Nesse ponto é que o fazer dos sambas difere do fazer radiofônico. Este, apesar da possibilidade de representação dos excluídos feita pelos textos de Moles e

pela interpretação de Adoniran, estrutura seus programas de forma que dificilmente estes perdurem como memória. Caso de Histórias das Malocas, que apesar das tentativas de registro – como as feitas no Lp homônimo ao programa, onde os poucos registros do programa mantidos compartilham a gravação com canções de Moles e do maestro Hervé Cordovil com interpretação de Estherzinha de Souza -, cairia no esquecimento do imaginário paulistano tal qual a prevalência do rádio como meio de comunicação de massas dominante. Já ao compor sambas, Adoniran Barbosa arregimentou uma arte que transforma os momentos do cotidiano em memória. Assim, a comunicação dos sambas para com o imaginário popular, ao mesmo tempo que utiliza dos meios de reprodutibilidade técnica para se sustentar como registro, diz respeito à maneira como o samba pode conceber a si mesmo como uma forma de memória que objetiva perdurar; ocorrendo dos dois fatores citados como motivo dessa construção não se sobreporem um ao outro, mas sim se complementam de forma equilibrada.

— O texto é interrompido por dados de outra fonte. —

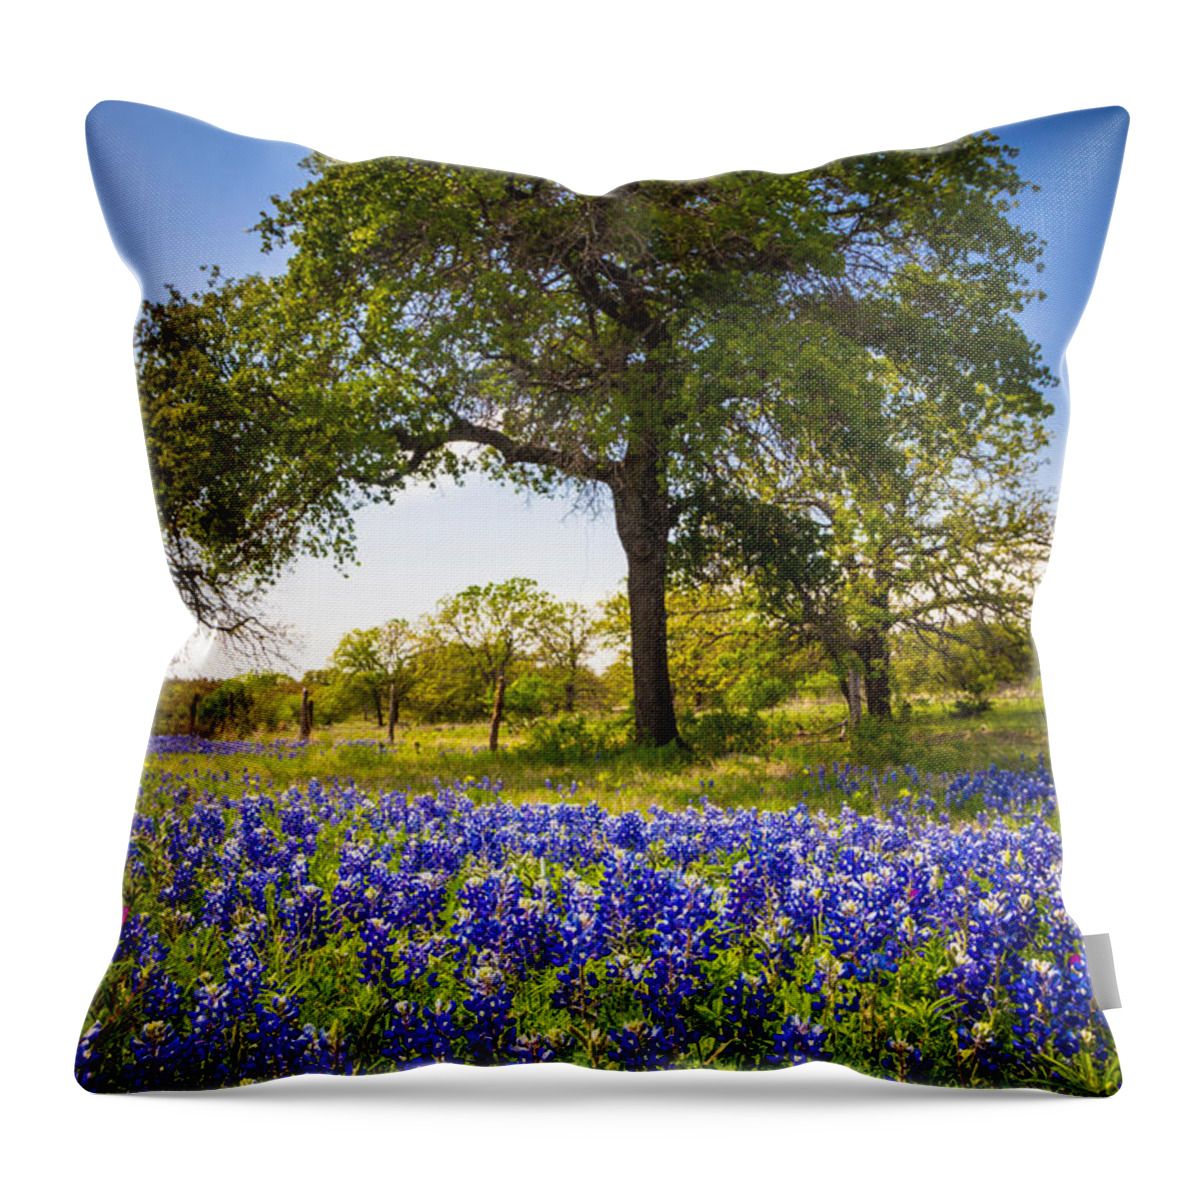 America Throw Pillow featuring the photograph Bluebonnet Meadow by Inge Johnsson

A ideia do samba da Adoniran Barbosa como crônica-canção é então resultante de tais fatores que permitiram se estruturar como receptáculo que capta a aventura moderna protagonizada por aqueles que são geralmente excluídos pelo discurso dos poderes, que ufana a destruição material e afetiva causada pelo desenvolvimento constante da cidade. Dizendo respeito ao cotidiano e a seus desmembramentos, as histórias protagonizadas por essas pessoas são reveladoras do que vem a ser a identidade da metrópole paulistana e da relação conflituosa que esta tem com suas gentes. Sendo parte das táticas arregimentadas por esses excluídos como forma de antagonizar o esquecimento estrutural da modernidade, os sambas de Adoniran revelam o valor dos momentos e da importância de como estes demonstram o que vem a ser a conjuntura urbana; pois ao se transfigurarem em memória, mostram que muitas das situações arregimentadas pelo ambiente urbano de outrora podem ainda reverberar no cotidiano de muitas pessoas presentemente.